I recently brewed up a few batches of Porter/Stout using two ingredients new to me. They both got the Perla Negra and the Porter additionally got the Brown Malt. This was by no means meant for a side by side but I did notice upon tasting both yesterday that the Porter had a distinct coffee like flavor and the stout had a distinct chocolate flavor. The grain bills were as follows: Porter – 74% Maris, 13% Brown, 9% Perla Negra & 4% Simpson's C-90 (6.5 % abv) Stout – 80% Maris, 10% Perla Negra, 5% Breiss C-120 & 5% Simpson's C-30 (10.5% abv) Please, I know that the stout does not have roasted barley, no need to point that out, but I did pattern the recipe off the NHC award winning Split Open and Melt stout by Pat Craddock.
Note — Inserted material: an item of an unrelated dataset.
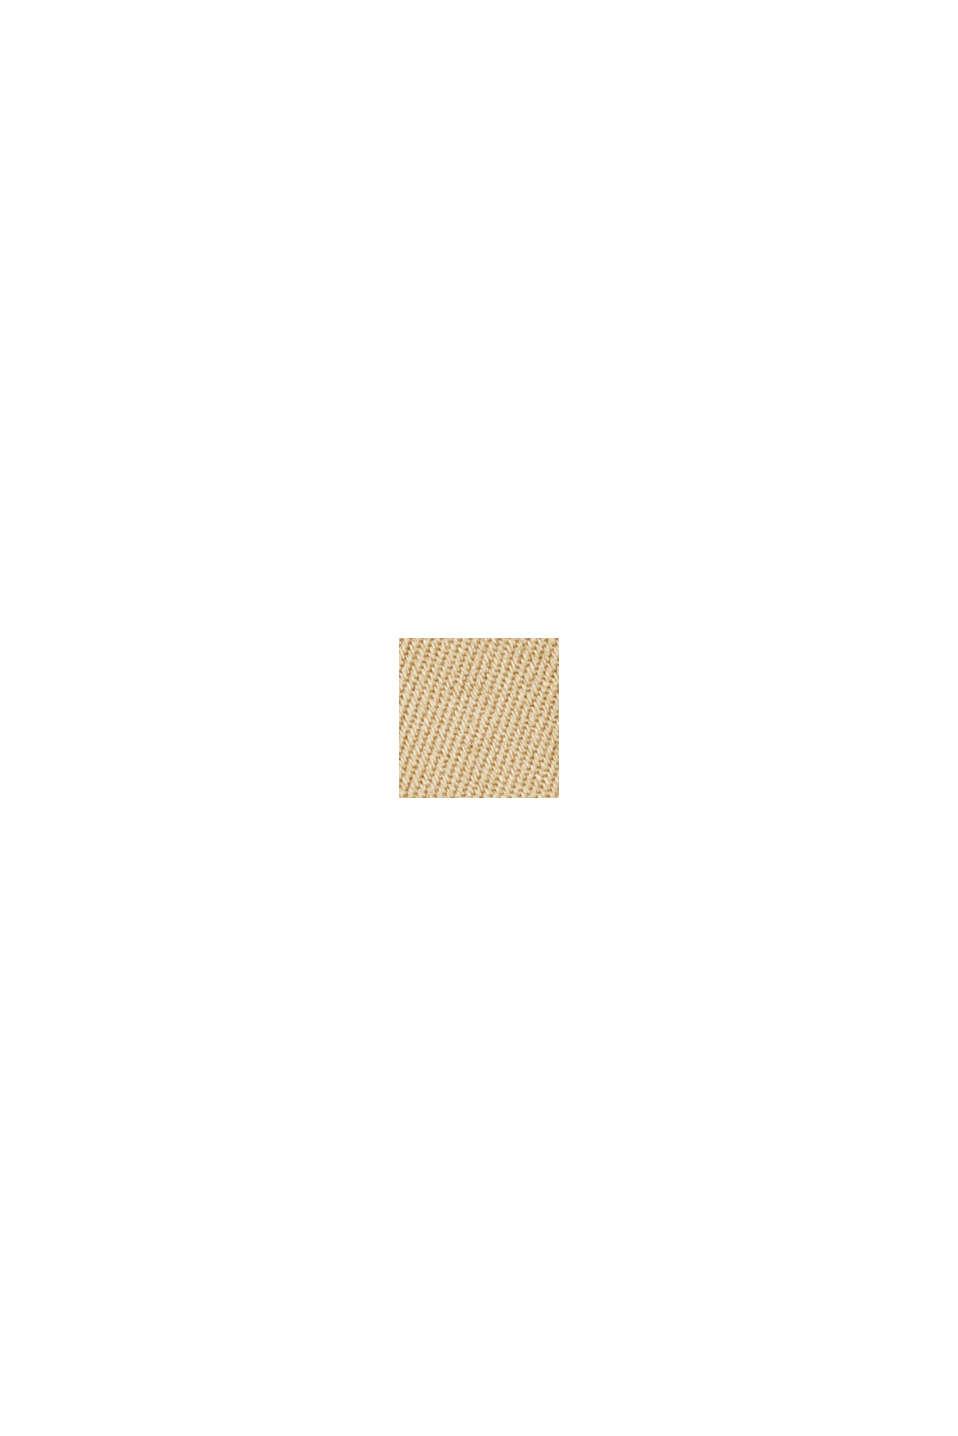 Zweireihiger Trenchcoat, 100% Baumwolle, BEIGE, swatch

I am not a big coffee fan so my preference is for the stout (by a huge margin) and it is the first chocolate malt I have used that genuinely gives me a chocolate flavor. The porter is really rather good and I would like to use the brown again, maybe at a lower percentage. Anyone else have experience with these two malts and if so, at what levels and what sort of flavors did you get from them? Cheers!
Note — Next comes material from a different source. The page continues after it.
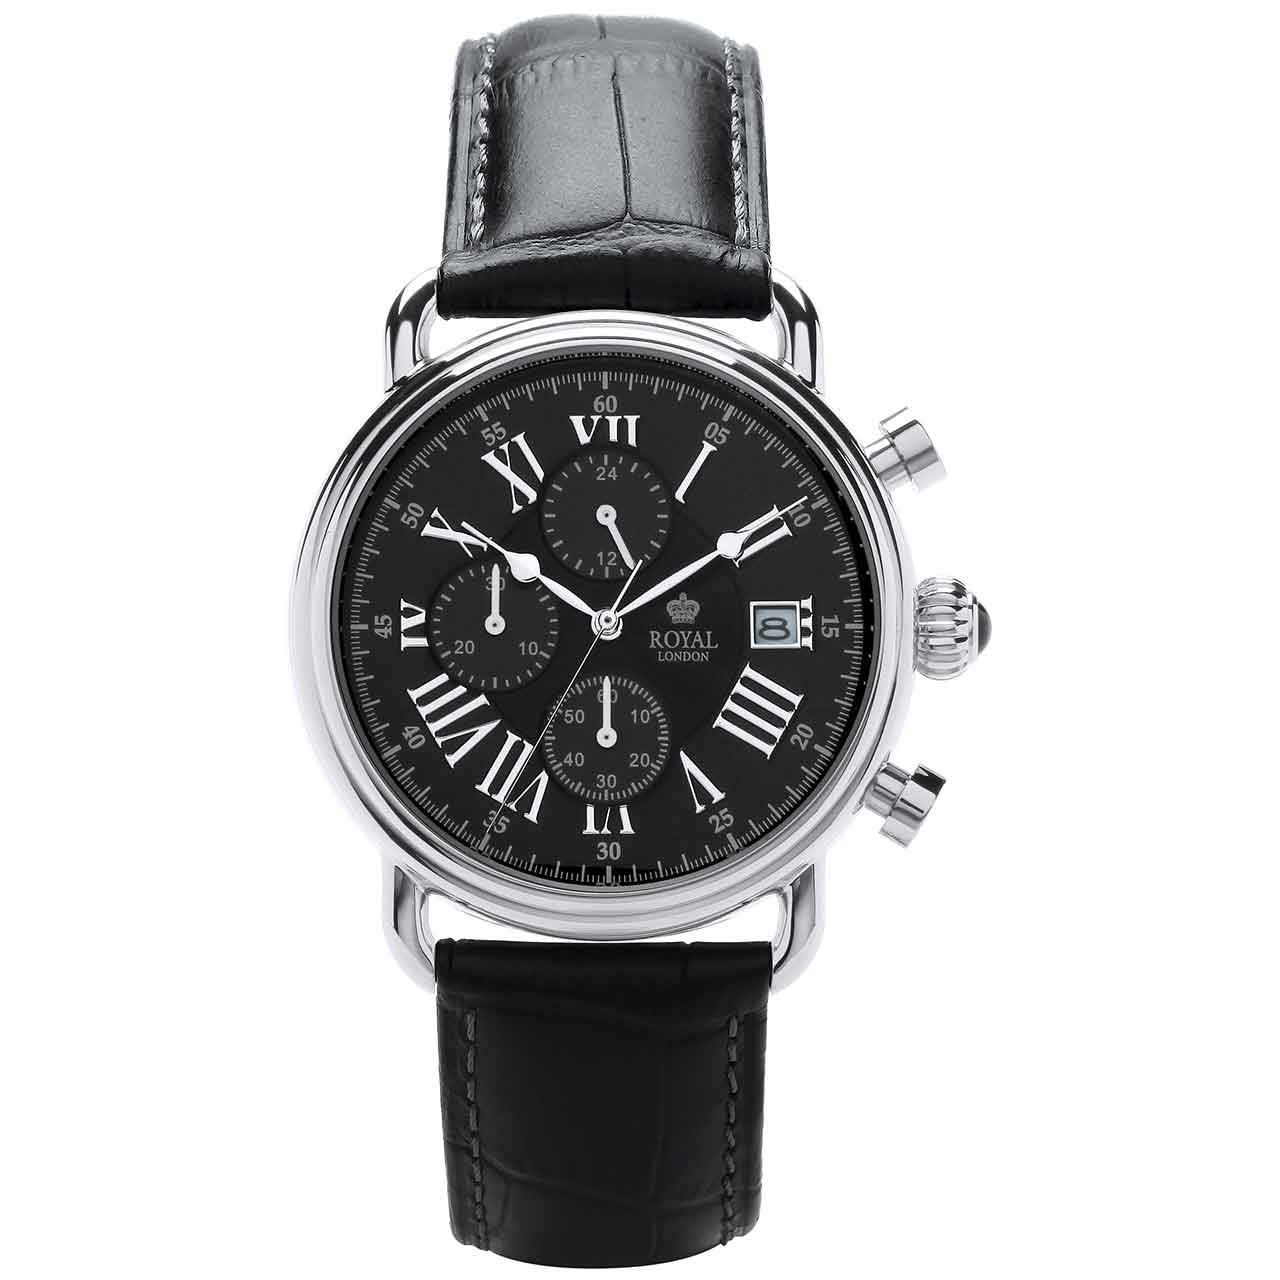 ساعت مچی عقربه ای مردانه رویال لندن مدل RL-41249-01 51

No experience on the Perla Negra, but I love brown malt. I have only used the Thomas Fawcett, though. To my palette, it has an earthy, cocoa powder sorta flavor. Not really chocolate, but in the ballpark. I like it at 10-15%, and then 5-10% black patent or chocolate malt.
No experience with Perla Negra. I concur with your brown malt observations. When people are asking for advice on how to get chololate into a beer I always recommend it. I used Thomas Fawcett as well. My dialed in porter recipe is a US pale ale malt (kilned to 3-4L) and 7% each of brown malt and black patten with a malty water profile fermented with 1968.